:: The data

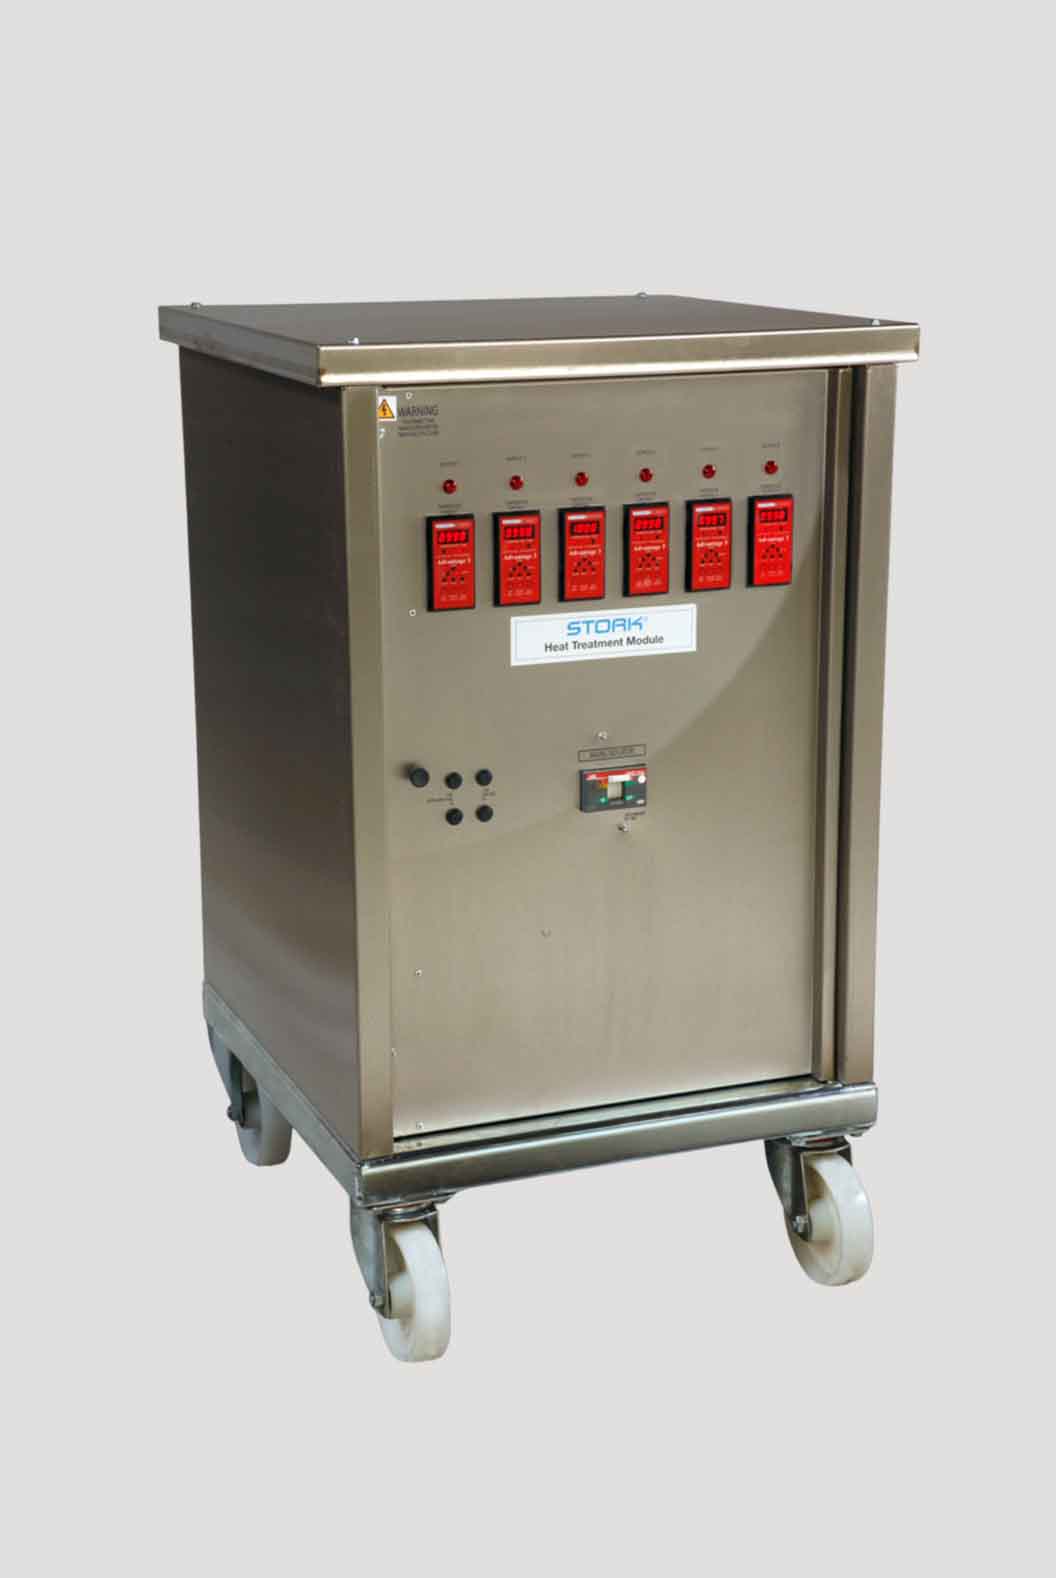 Heat treatment units
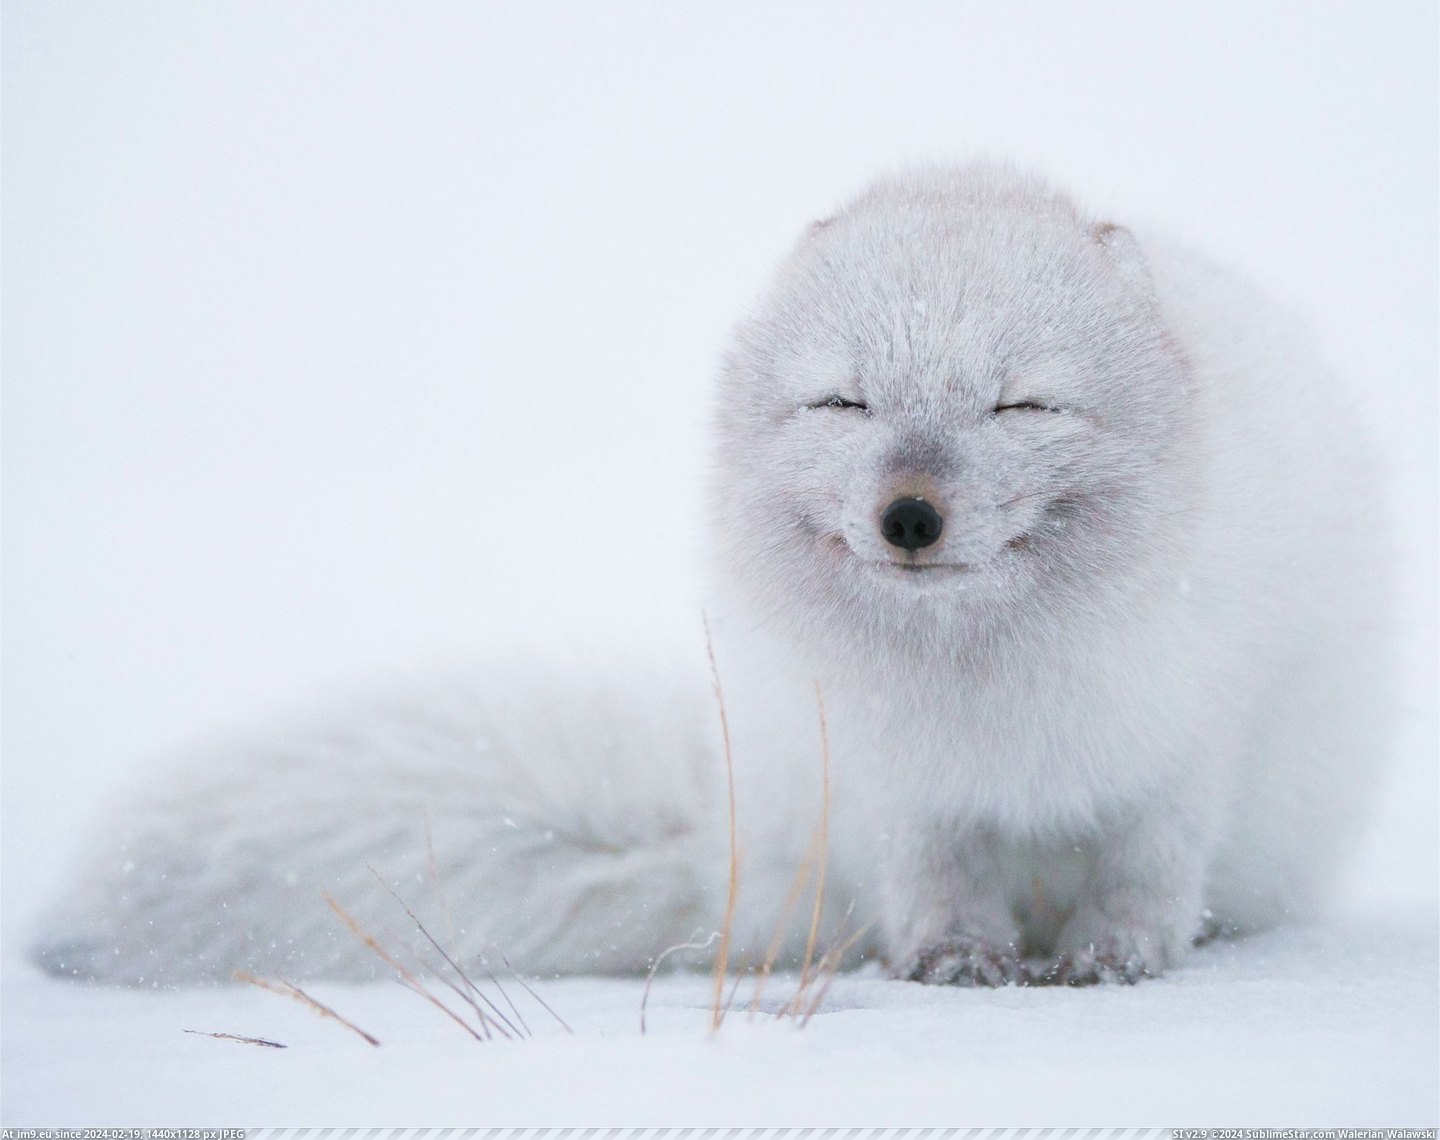 #White  #Fox [Aww] Little white fox Pic. (Bild von album My r/AWW favs))
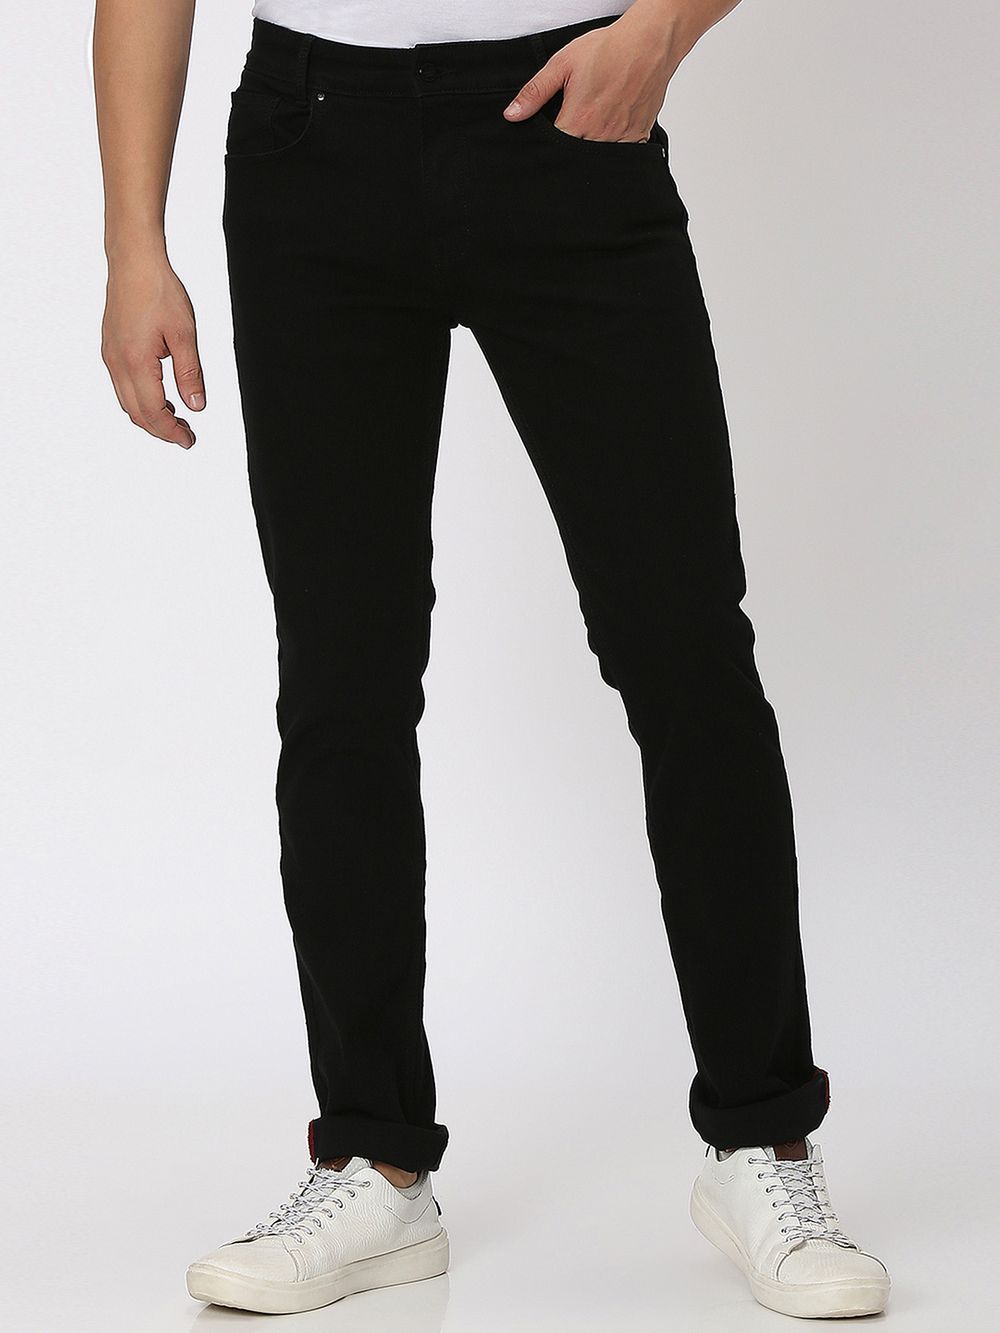 Jet Black Narrow Fit Originals Stretch Jeans
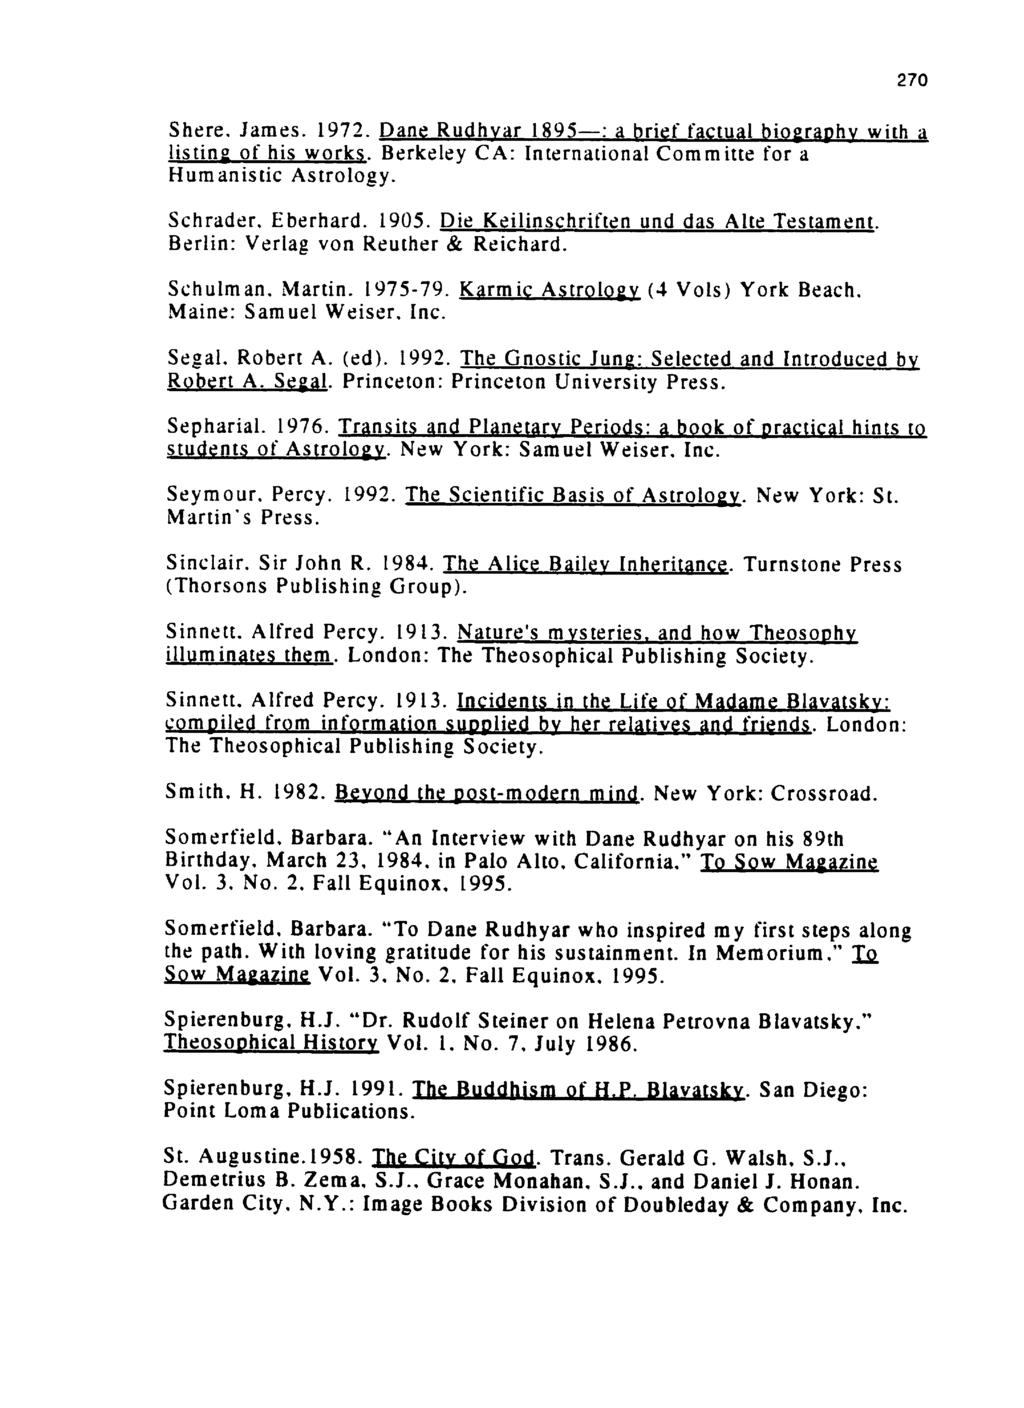 Shere. James. 1972. Dane Rudhvar 1895-: a brief factual bioera~hv with a listinp of his works. Berkeley CA: International Comm ittc for a Hum anis tic Astrology. Schrader. Eberhard. 1905.

::::

Each line from the one holding "Jet Black Narrow Fit Originals Stretch Jeans" through the final line of the data needs to be transcribed exactly. Include both ends, skip the pictures, and add nothing.

 Jet Black Narrow Fit Originals Stretch Jeans
 Shere. James. 1972. Dane Rudhvar 1895-: a brief factual bioera~hv with a listinp of his works. Berkeley CA: International Comm ittc for a Hum anis tic Astrology. Schrader. Eberhard. 1905.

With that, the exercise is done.